Comparing your savings to those of your peers may help keep you on the right track to securing a worry-free retirement, and thanks to number crunching by Fidelity Investments, we now know that the average American's balance in retirement accounts is roughly $100,000.

Digging into the numbers

Fidelity Investments is one of the nation's biggest investment companies. It's home to 15.1 million 401(k) accounts and 8.8 million IRA accounts. Its perch provides an excellent view of the progress Americans are making in saving money for retirement, and based on its latest figures, there's reason for optimism.

A burlap sack with a big dollar sign on it overflowing with money.


According to their analysis, the average 401(k) plan participant has successfully salted away $97,700 as of June 30. Meanwhile, the average balance of an IRA stands at $100,200. In both cases, these amounts are nicely higher than their levels last year. The average 401(k) and IRA balance has grown 9.6% and 11.8% over the past 12 months, respectively.

 Account Q2 2017 Q2 2016 Q2 2012
401(k) $97,700 $89,100 $73,000
IRA $100,200 $89,600 $73,300

Data source: Fidelity Investments.

What's driving balances higher?

The majority of the growth in average account balances is due to a stock market that's marched significantly higher. However, accounts are also going up because people are steadily increasing their contributions.

In the 12 months through June 30, the S&P 500 returned 17.9%, and as a result, the stock market's rally accounts for 72% of the increase in account balances. Meanwhile, employees contributed an average of $5,850 to their 401(k), up 4% from this time last year.

^SPX Chart

^SPX data by YCharts.

The increase in contributions could be due in part to employers increasingly including auto escalation features in their retirement plans. Auto escalation allows workers to set and forget increasing how much of their salary they set aside in their 401(k) plan, and it's a great way to give retirement savings a booster shot. 

Typically, workers are enrolled in plans at a contribution rate of 3% that's unlikely to provide a sizable retirement nest egg. Increasing the contribution rate, however, can be challenging for many workers who are trying to balance their budgets, and as a result, too many workers leave their rate untouched. By automating the process, second-guessing that could otherwise keep someone from contributing more to their account can be eliminated, and if the increase is set at a reasonable 1% annually, the impact on a person's monthly budget is modest.

Balances may also be benefiting from more workers taking advantage of catch-up contributions. Workers age 50 and up can contribute an additional $1,000 per year to either a traditional or Roth IRA and an additional $6,000 per year to a 401(k) plan. In 2017, someone age 50 or older can set aside $6,500 in an IRA and $24,000 in a 401(k) plan.

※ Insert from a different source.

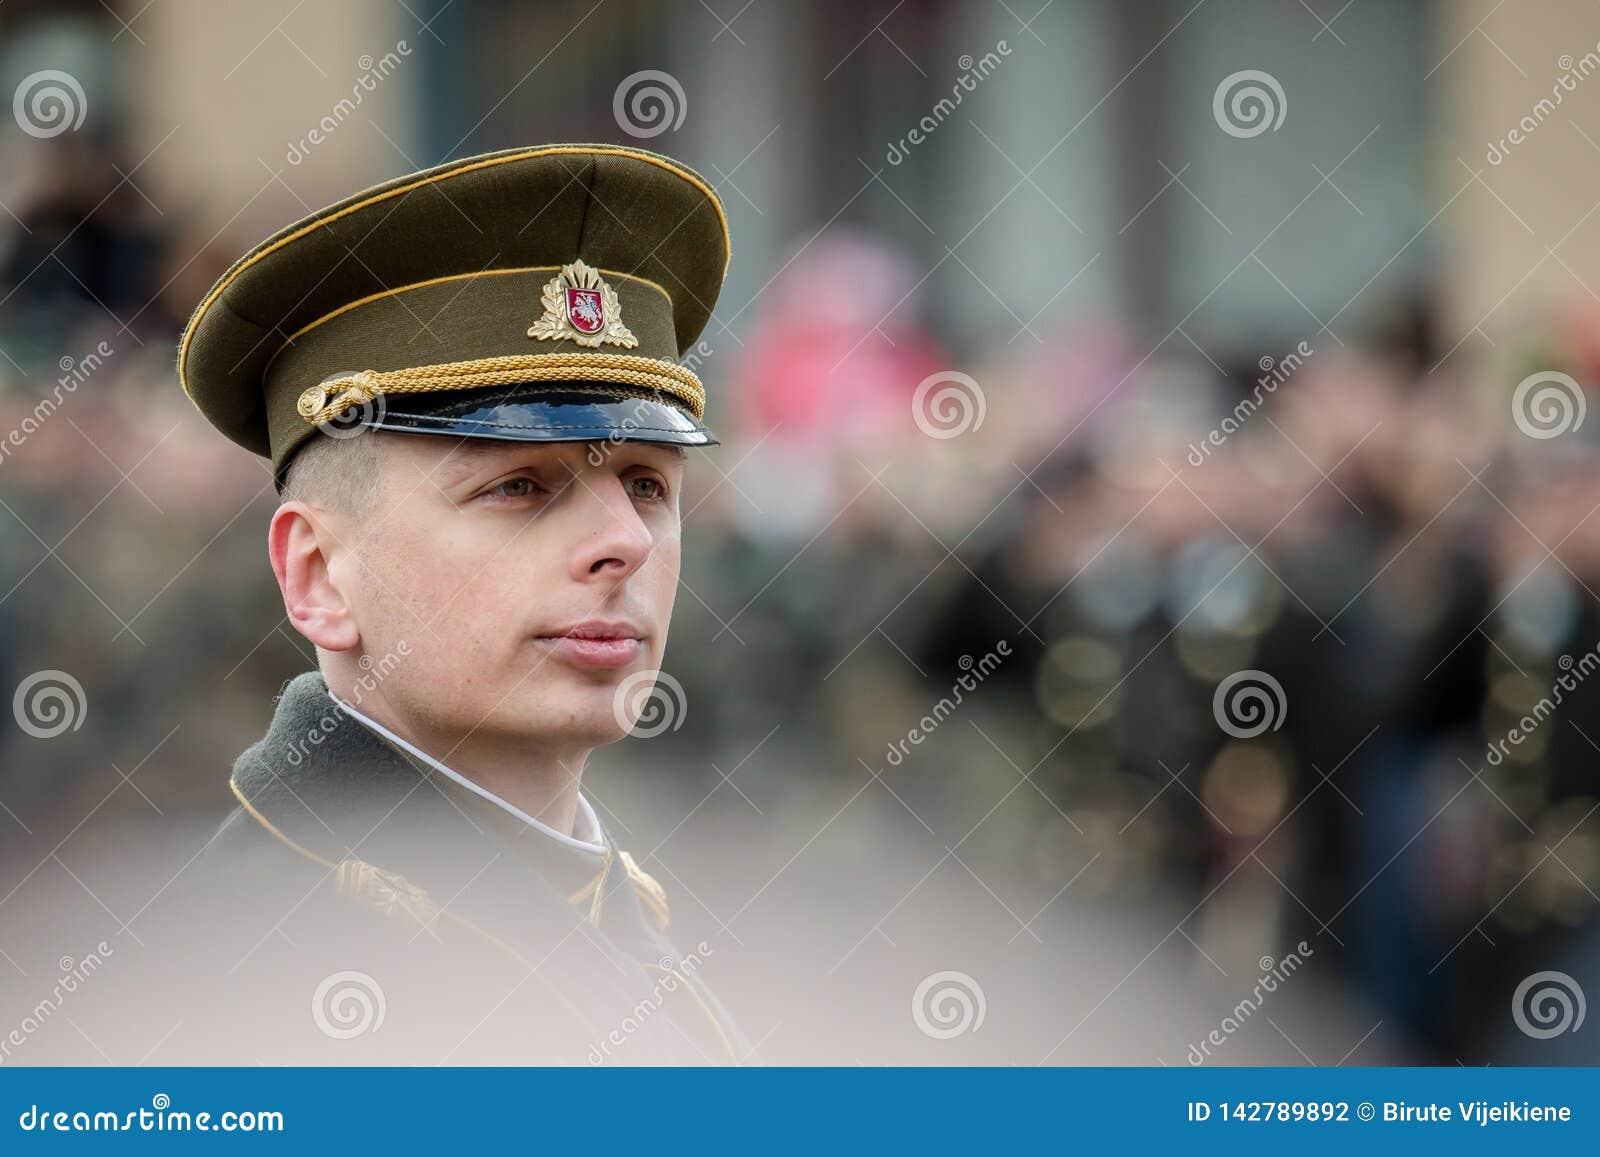 День восстановления независимости Литвы

Account balances have also increased because of wage growth. According to the latest Bureau of Labor Statistics' average hourly and weekly earnings report, the typical private worker earned $26.36 per hour in July, up from $25.71 on year ago.

Looking ahead

Stock market tailwinds aren't likely to prop up account balances forever, but long-term investors have historically been rewarded for staying the course with their investments and avoiding market timing. If history is any indicator, stock markets will retreat at some point, but when they do, it should be viewed as an opportunity to increase contributions to retirement accounts, not decrease them. While there's no telling what average retirement balances will look like next month, next quarter, or next year, steadily increasing investments to retirement accounts have been the biggest driver of their growth over time.